**Action item:** The entries below contain pictures, which are to be left out; write out exactly, and only, the lines from the line with "Panic Button alt poster design." up to and including the line with "USSPACECOM Equal Opportunity Coordinator".

**Supplied entries:**

════

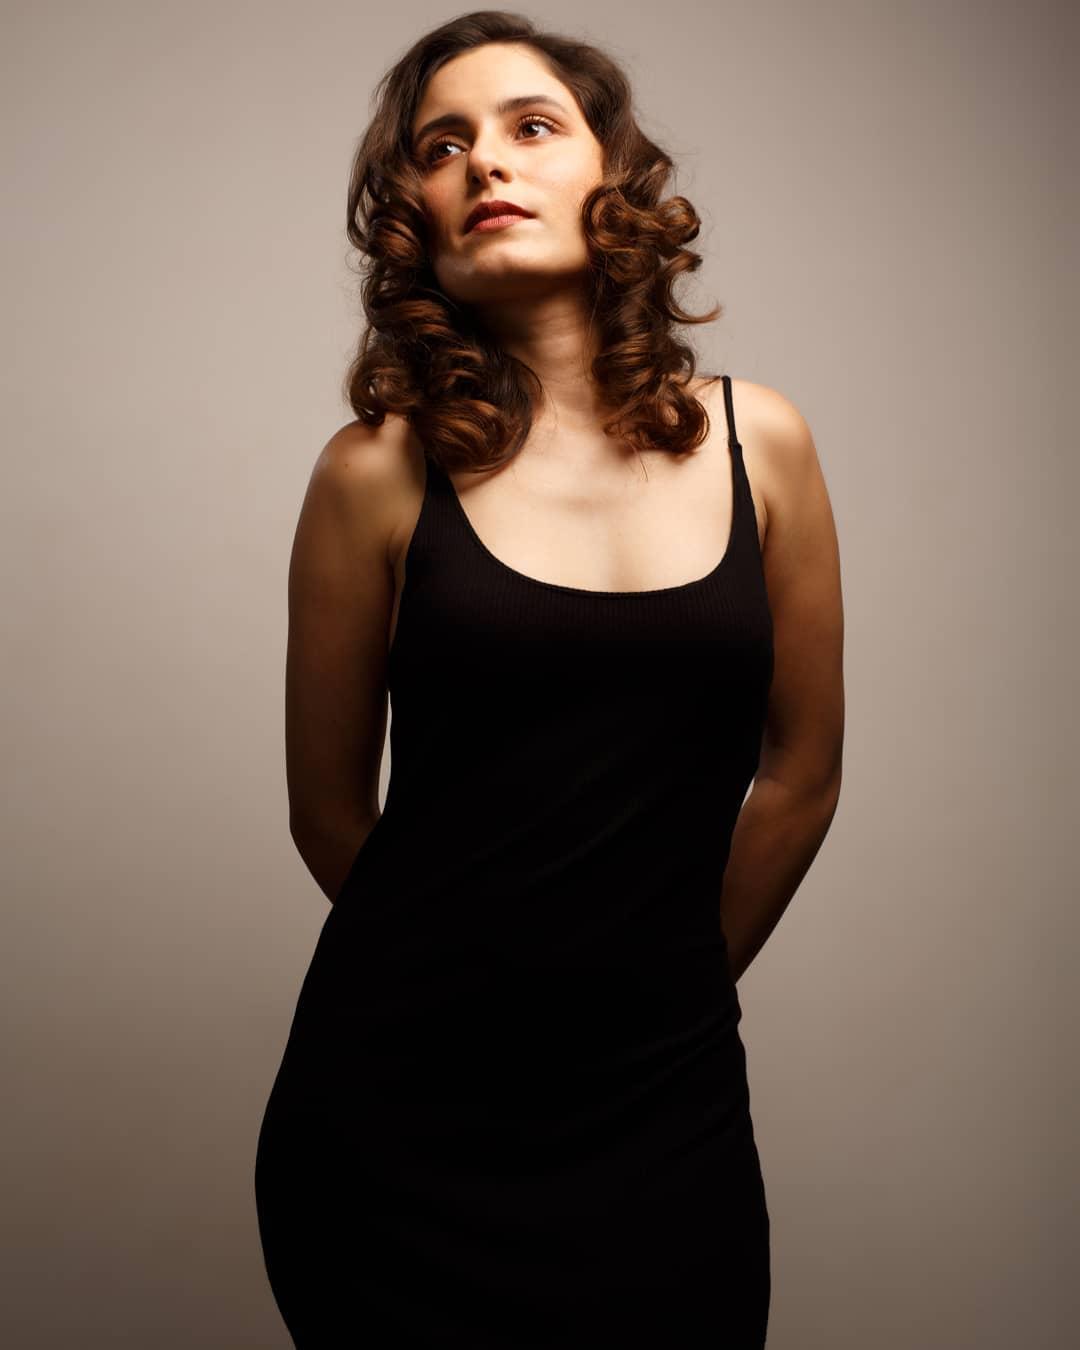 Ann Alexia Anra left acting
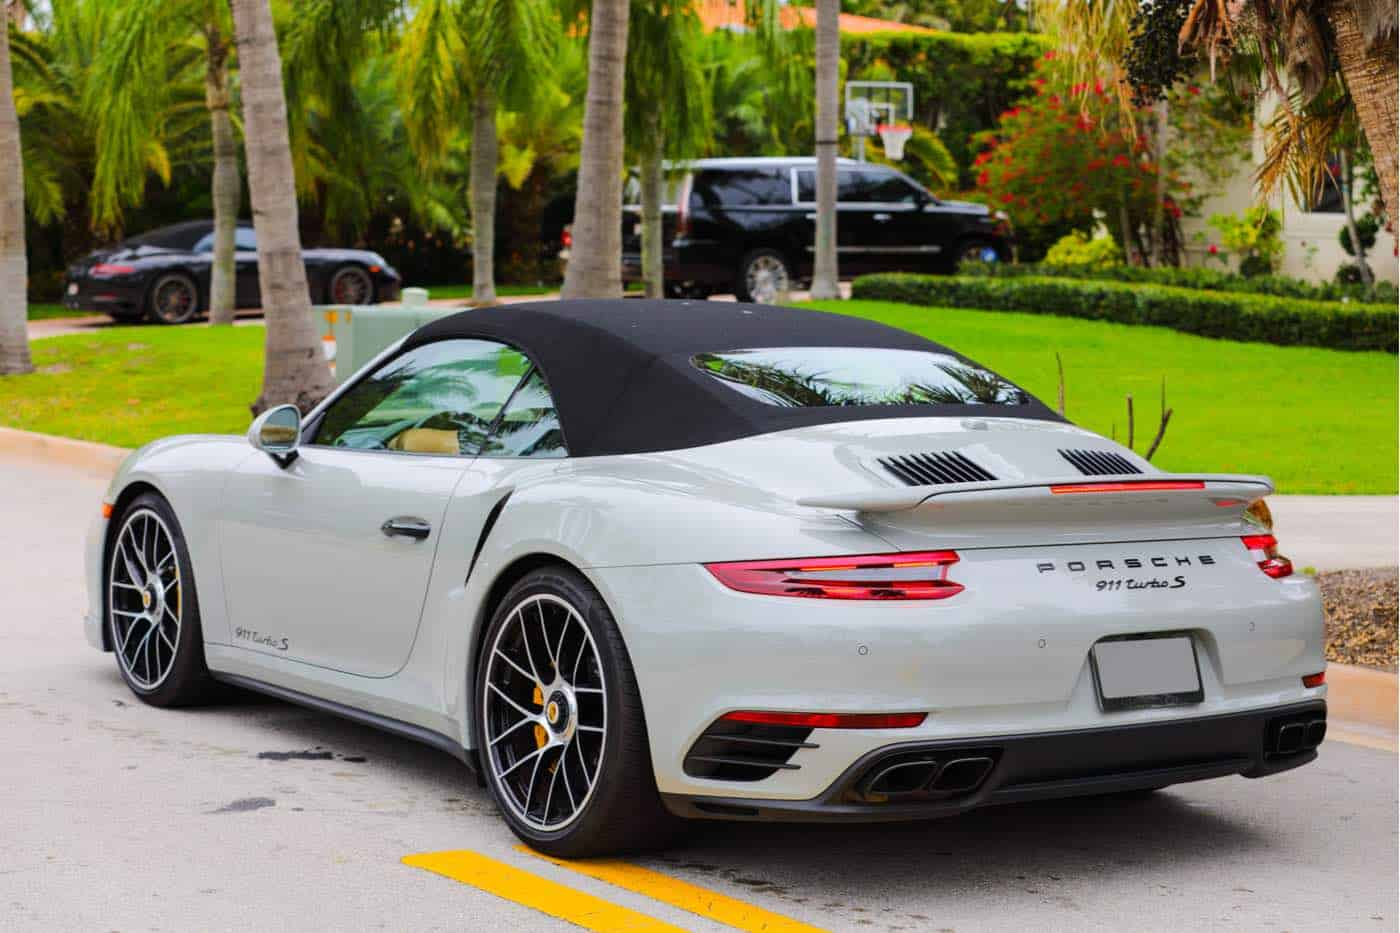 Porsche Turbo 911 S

════

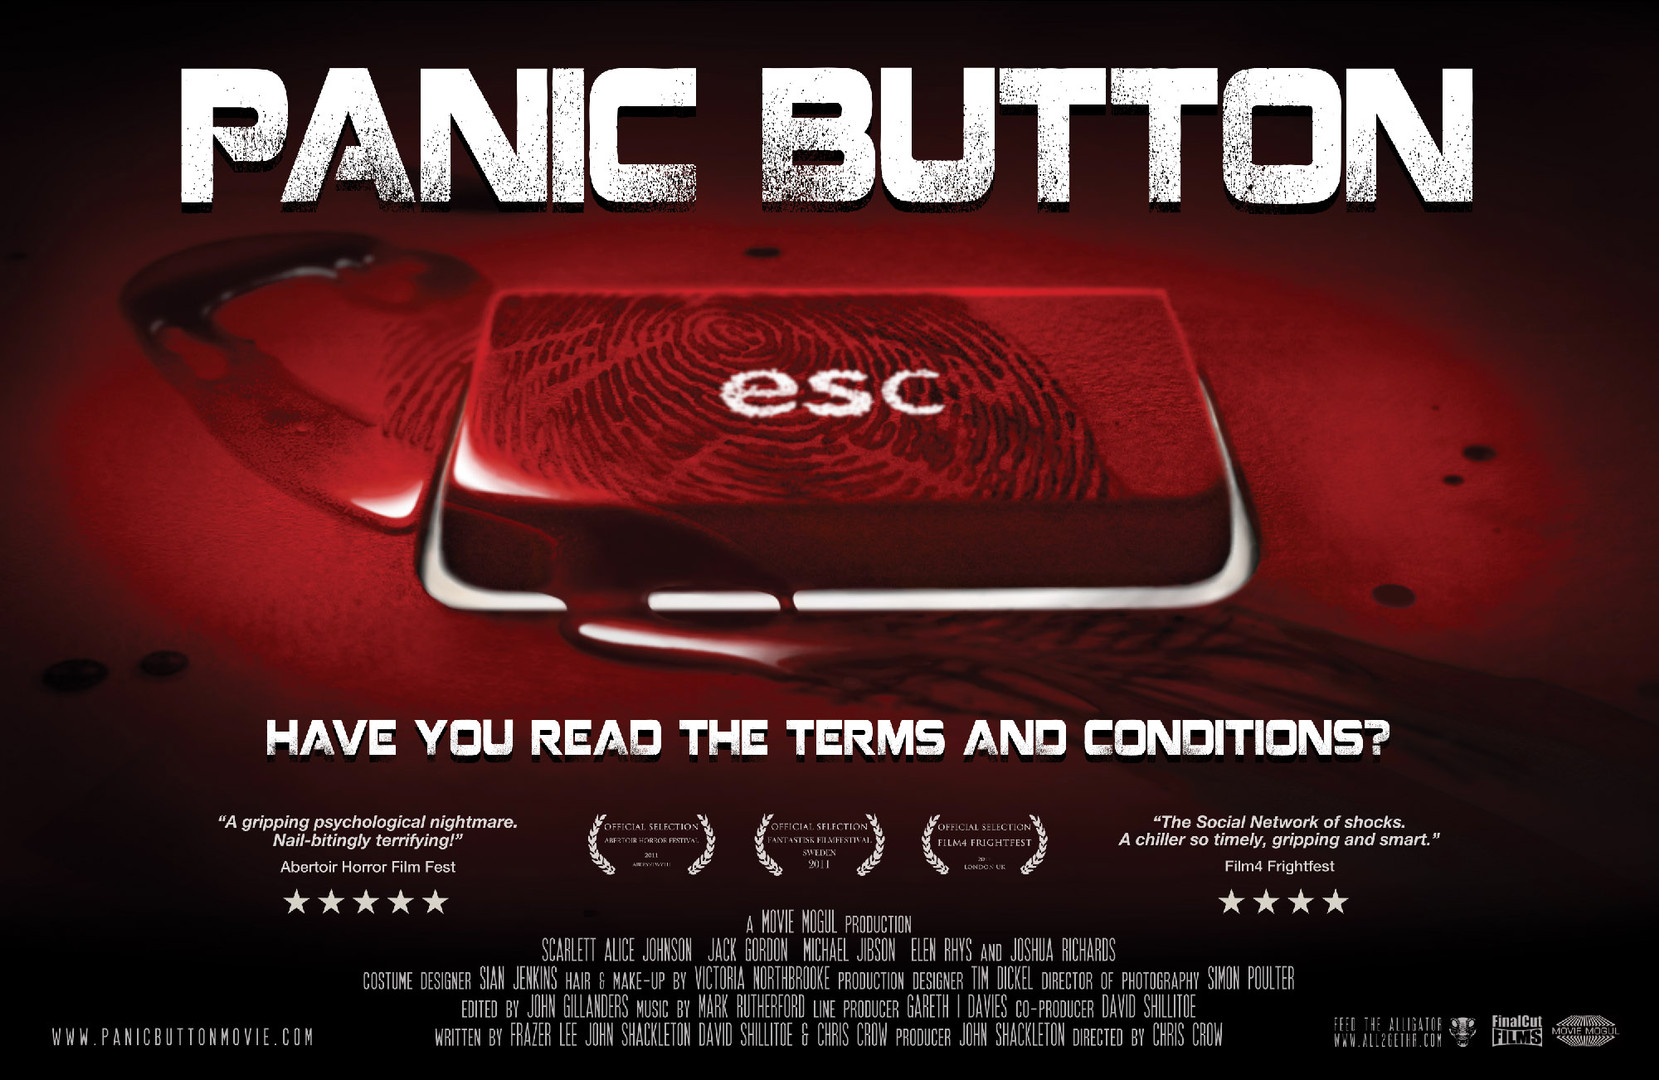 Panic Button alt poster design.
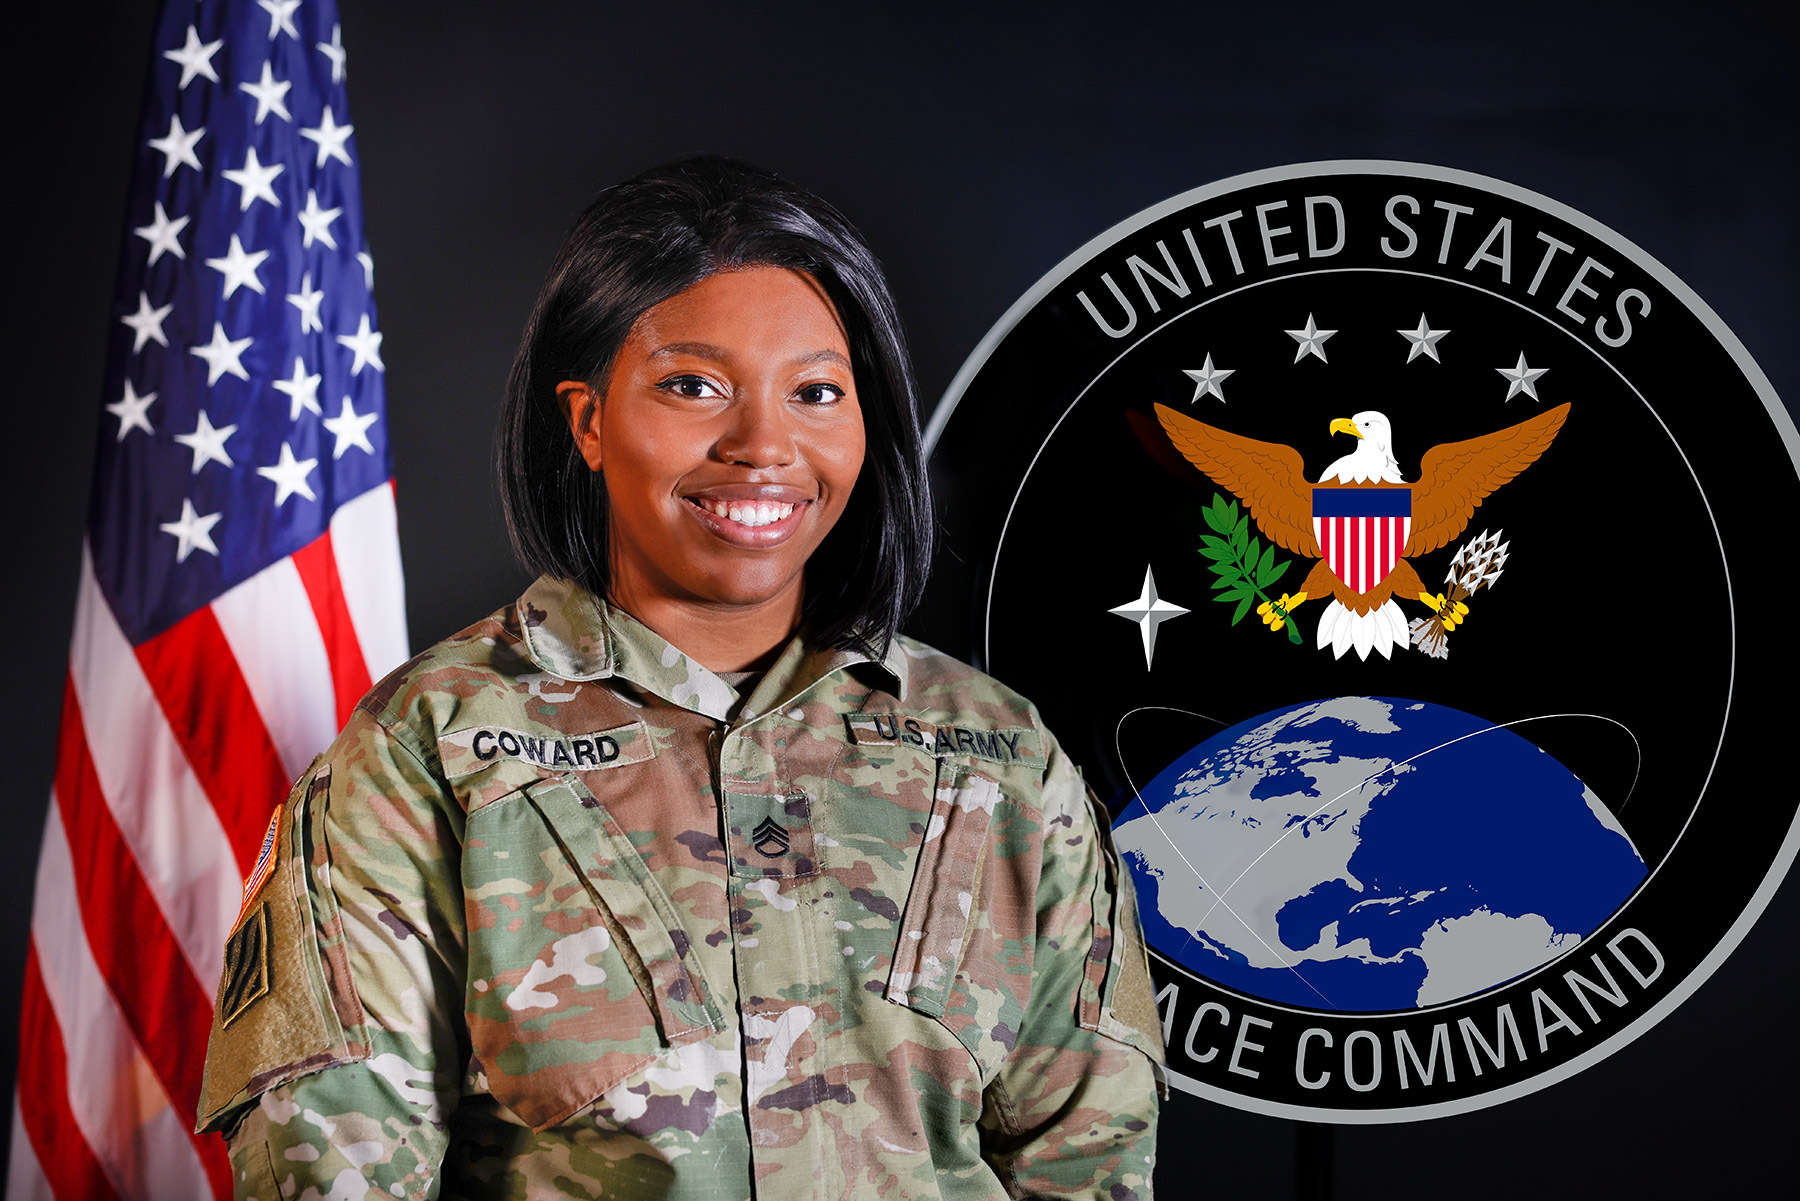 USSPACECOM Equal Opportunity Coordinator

════

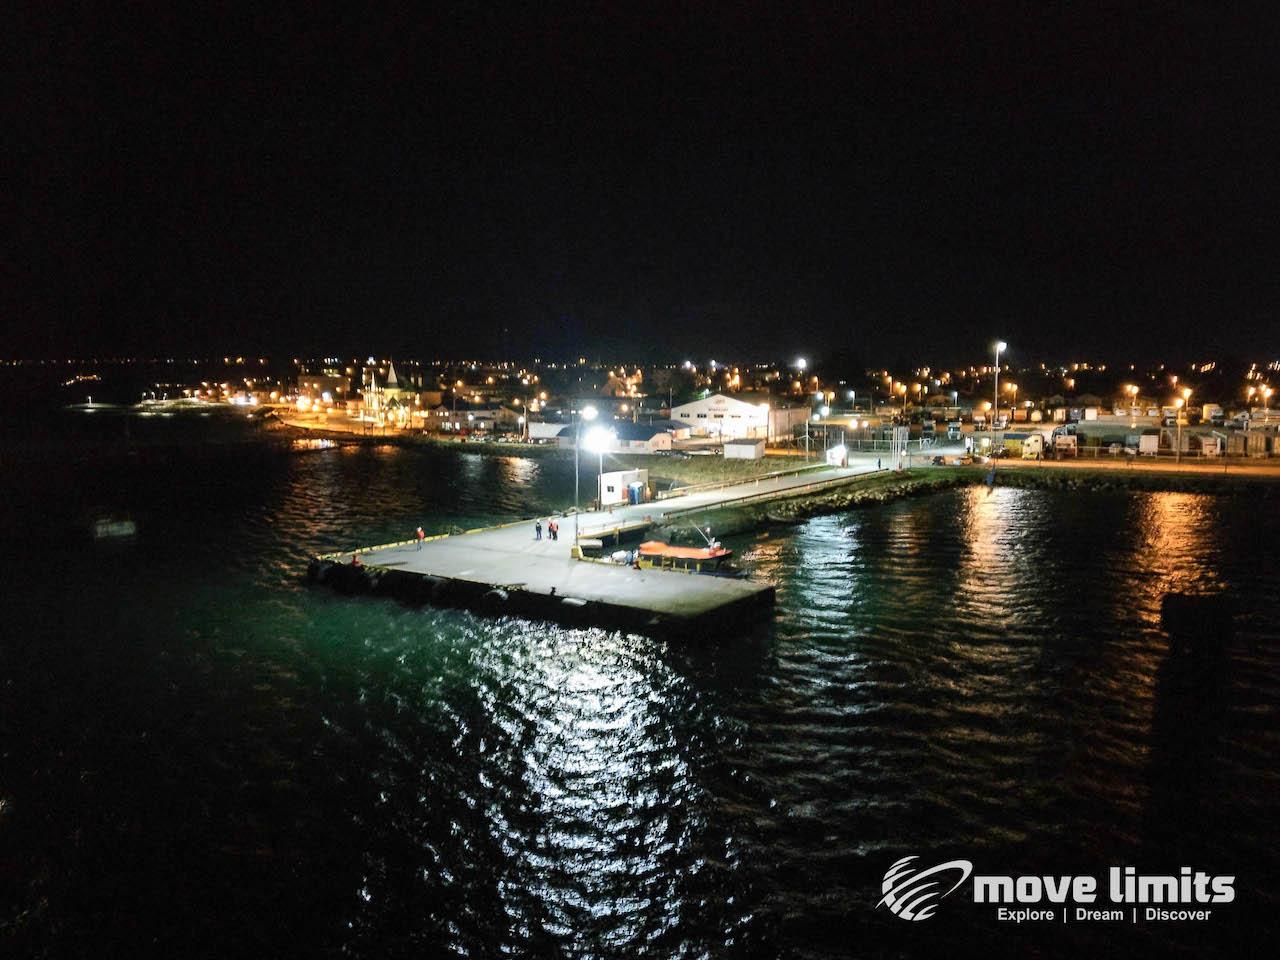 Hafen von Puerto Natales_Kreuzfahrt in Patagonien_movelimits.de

════

**Answer for the task:**
 Panic Button alt poster design.
 USSPACECOM Equal Opportunity Coordinator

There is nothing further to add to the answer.